***** Supplied entries *****

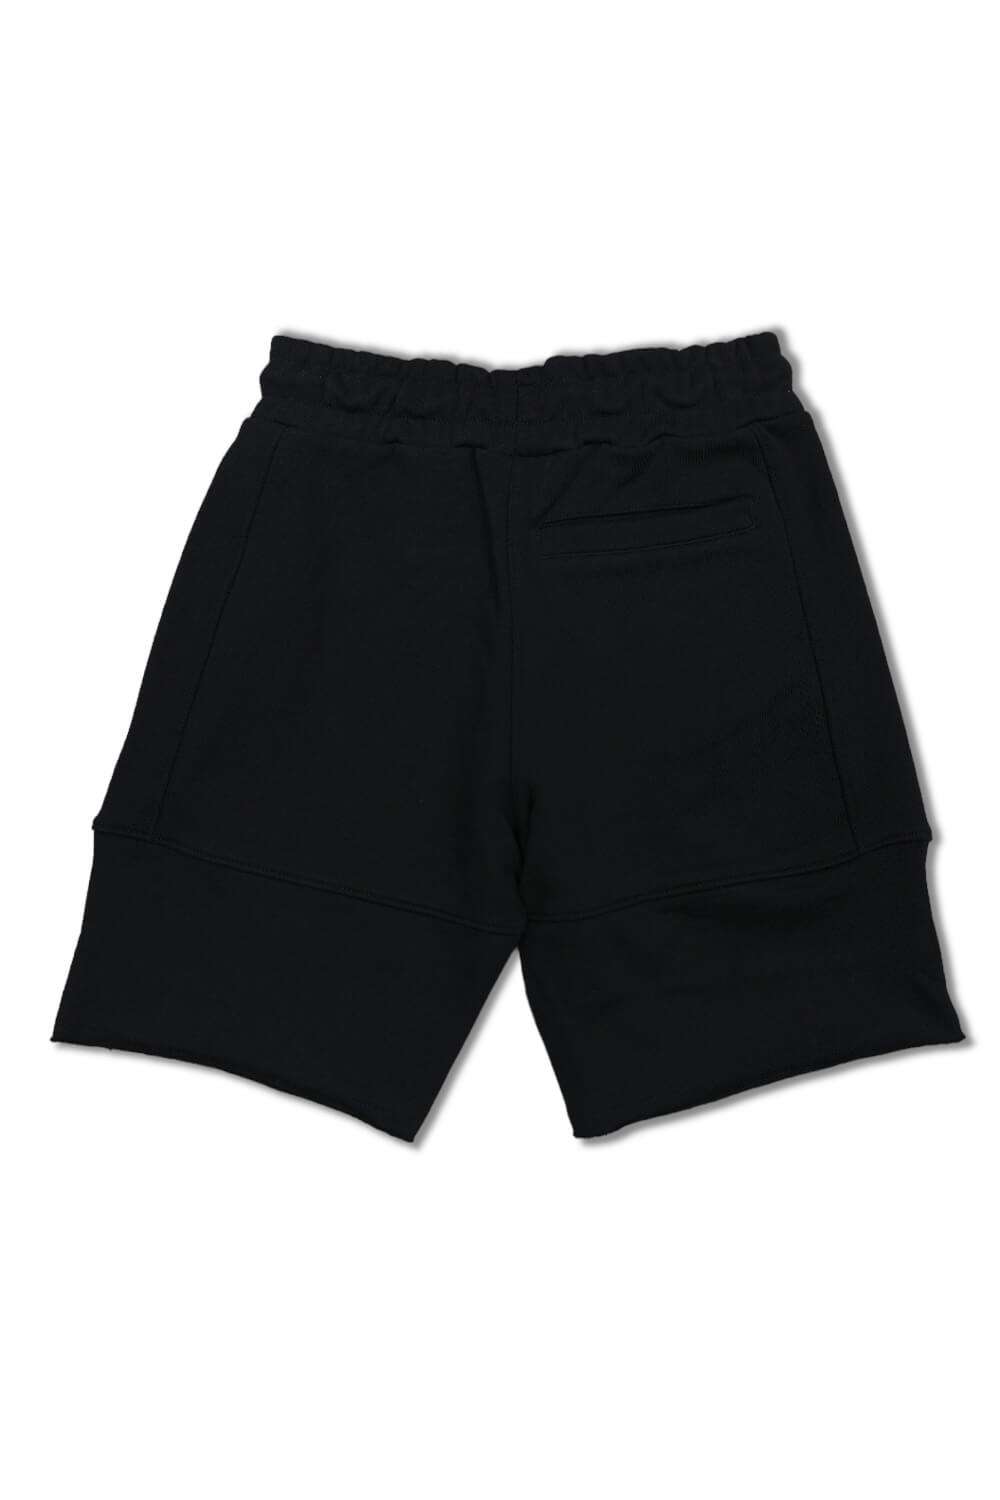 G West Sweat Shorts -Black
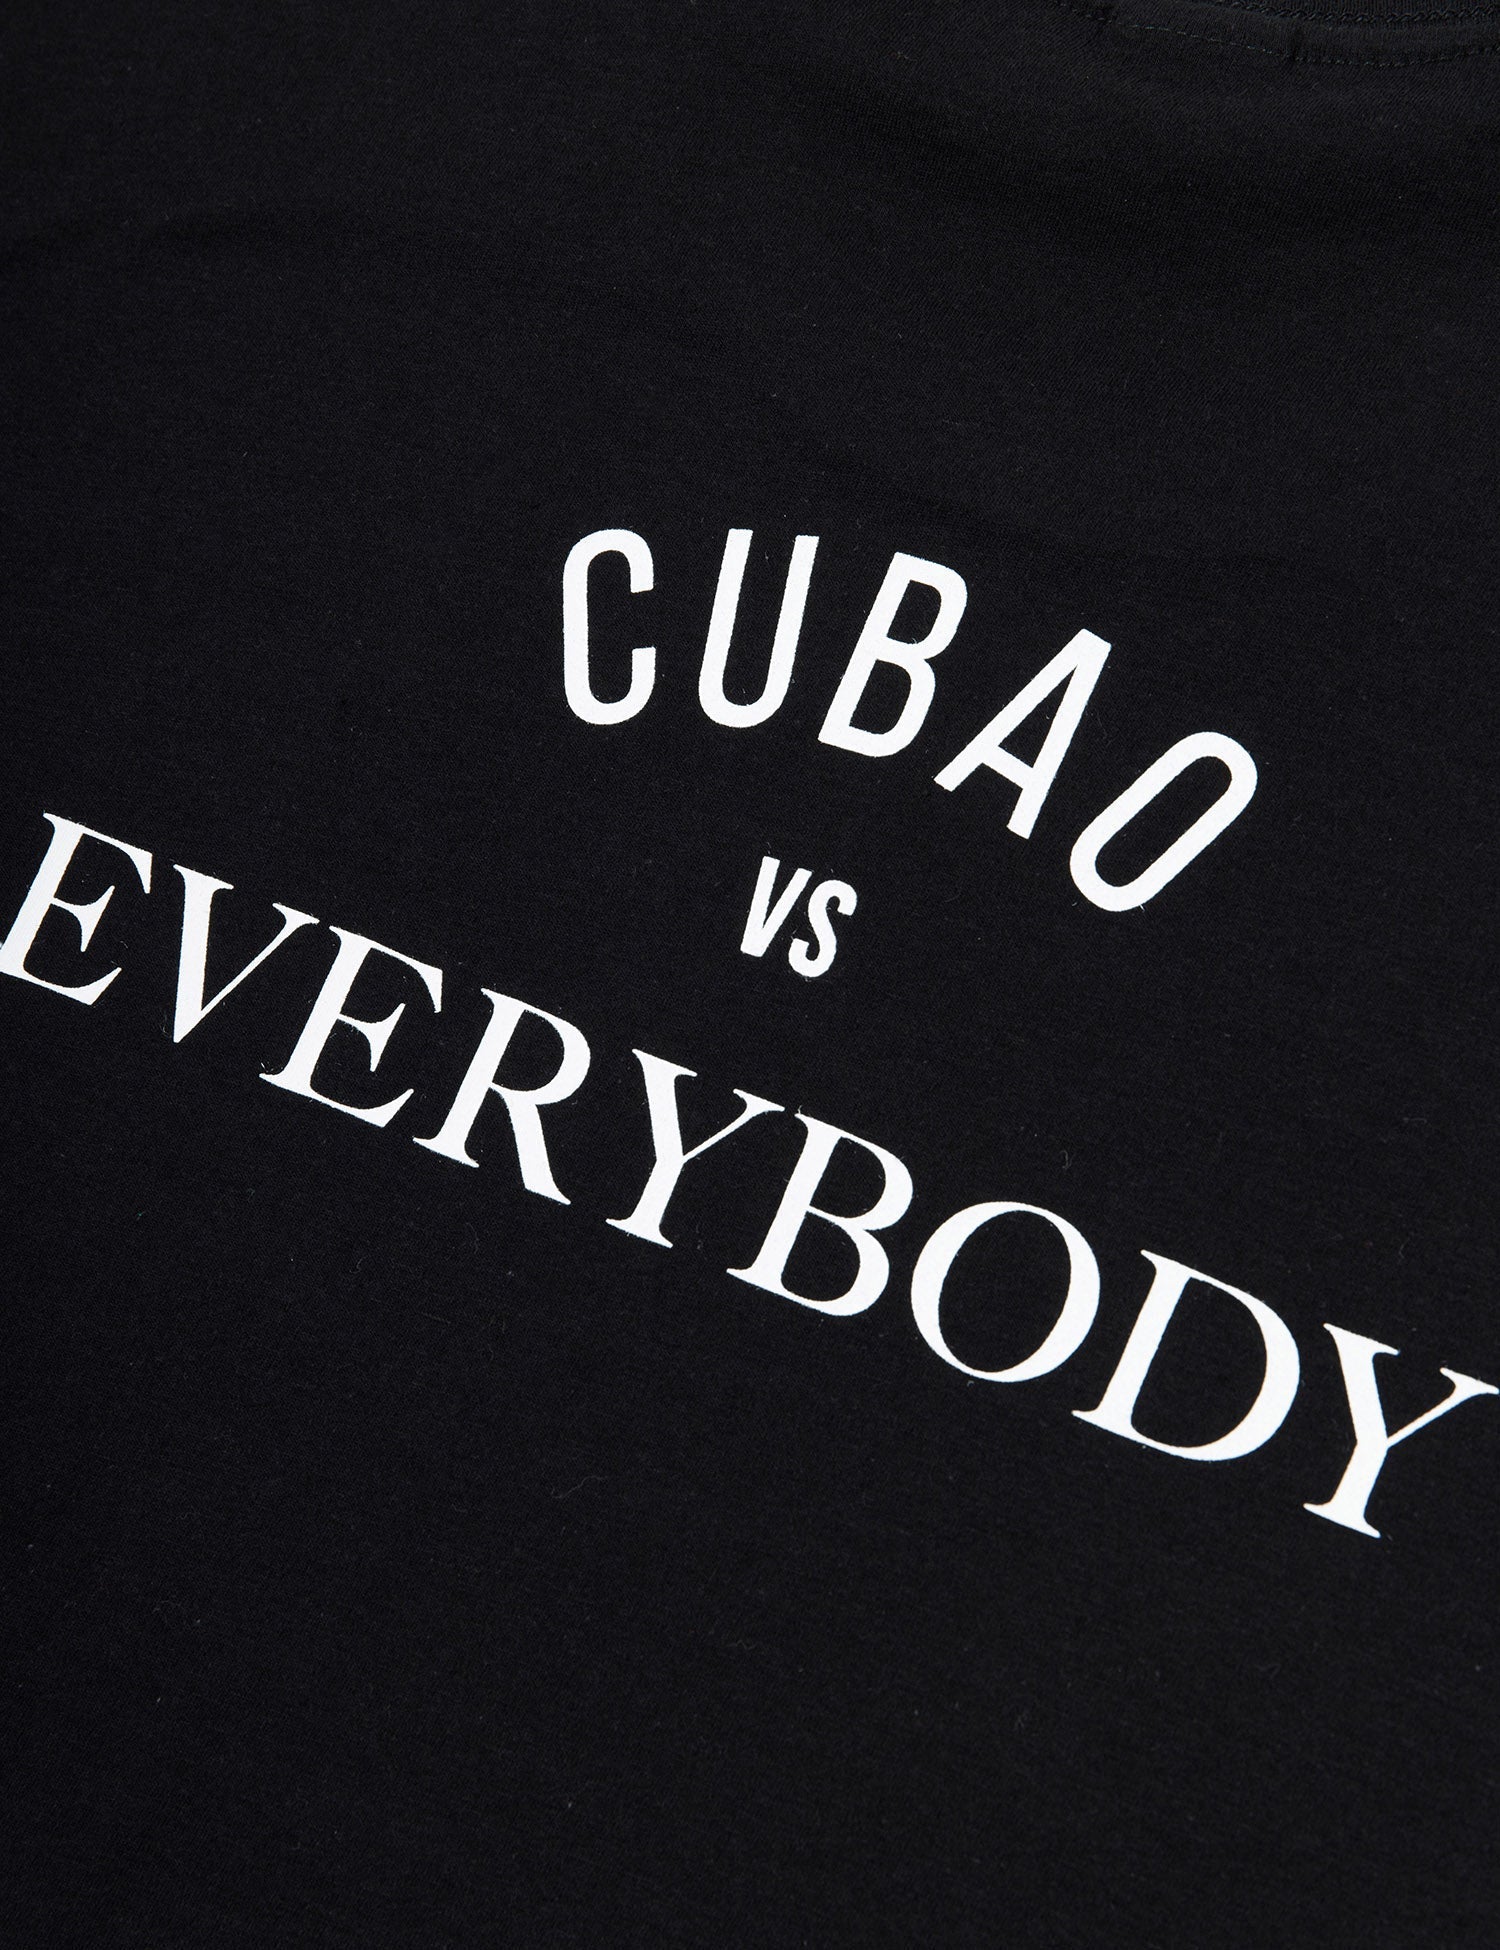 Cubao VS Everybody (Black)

*****
***** Supplied entries *****

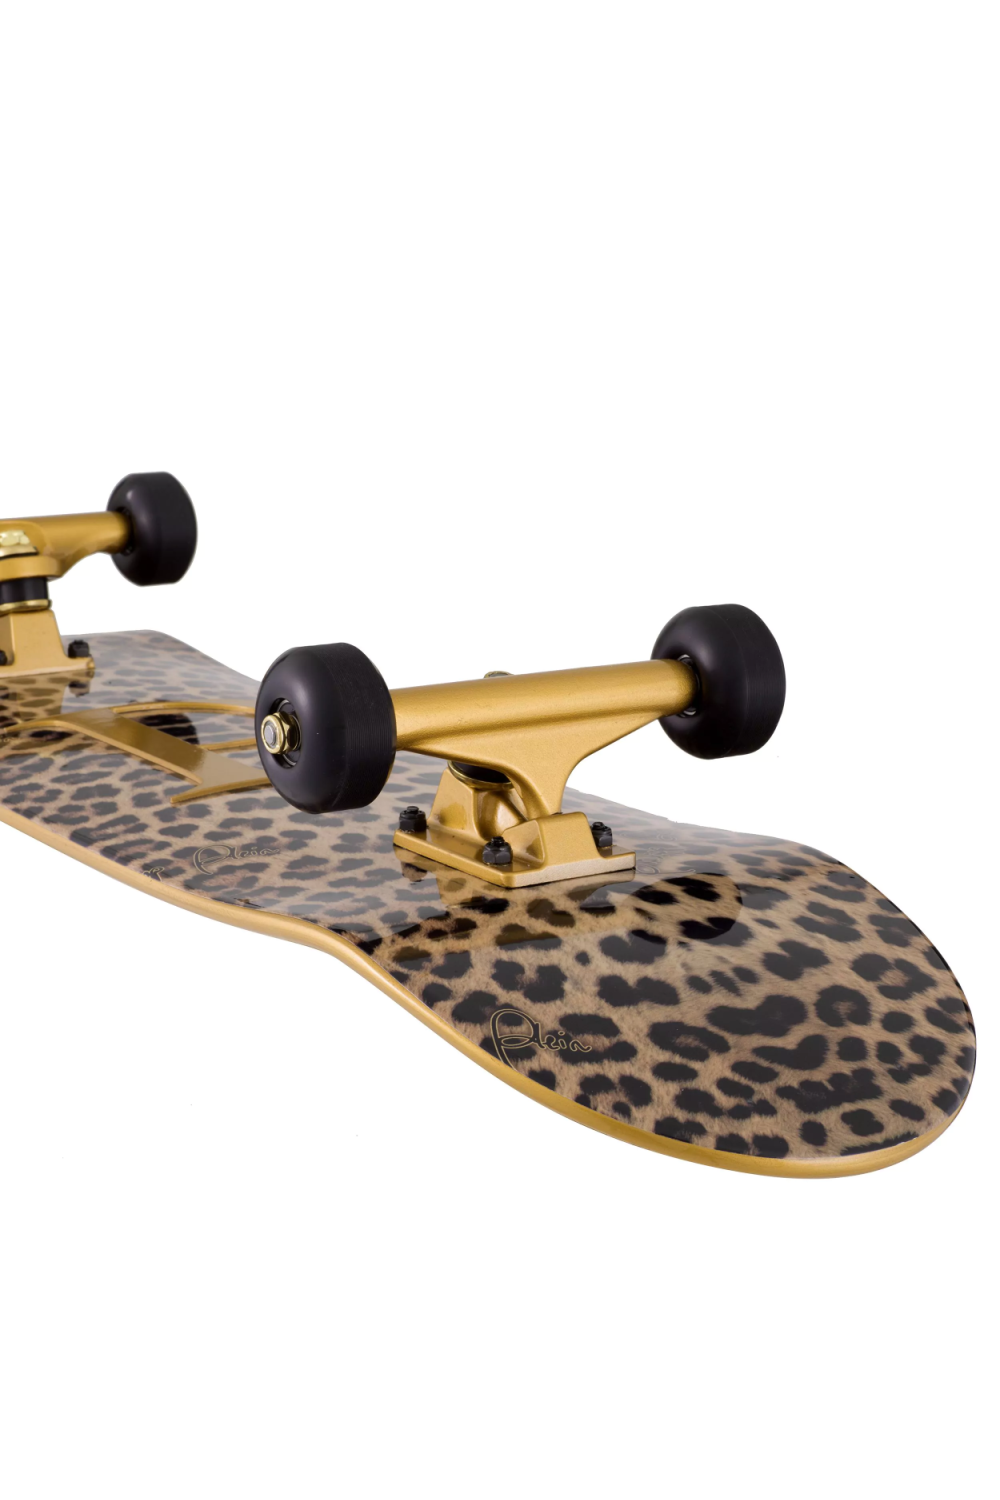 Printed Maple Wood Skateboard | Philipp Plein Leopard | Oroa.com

*****

Task = In the records above, find the line with "G West Sweat Shorts -Black" and the line with "Cubao VS Everybody (Black)". Write out exactly those lines and every one between, with no pictures and no other lines.

Answer to this task =
 G West Sweat Shorts -Black
 Cubao VS Everybody (Black)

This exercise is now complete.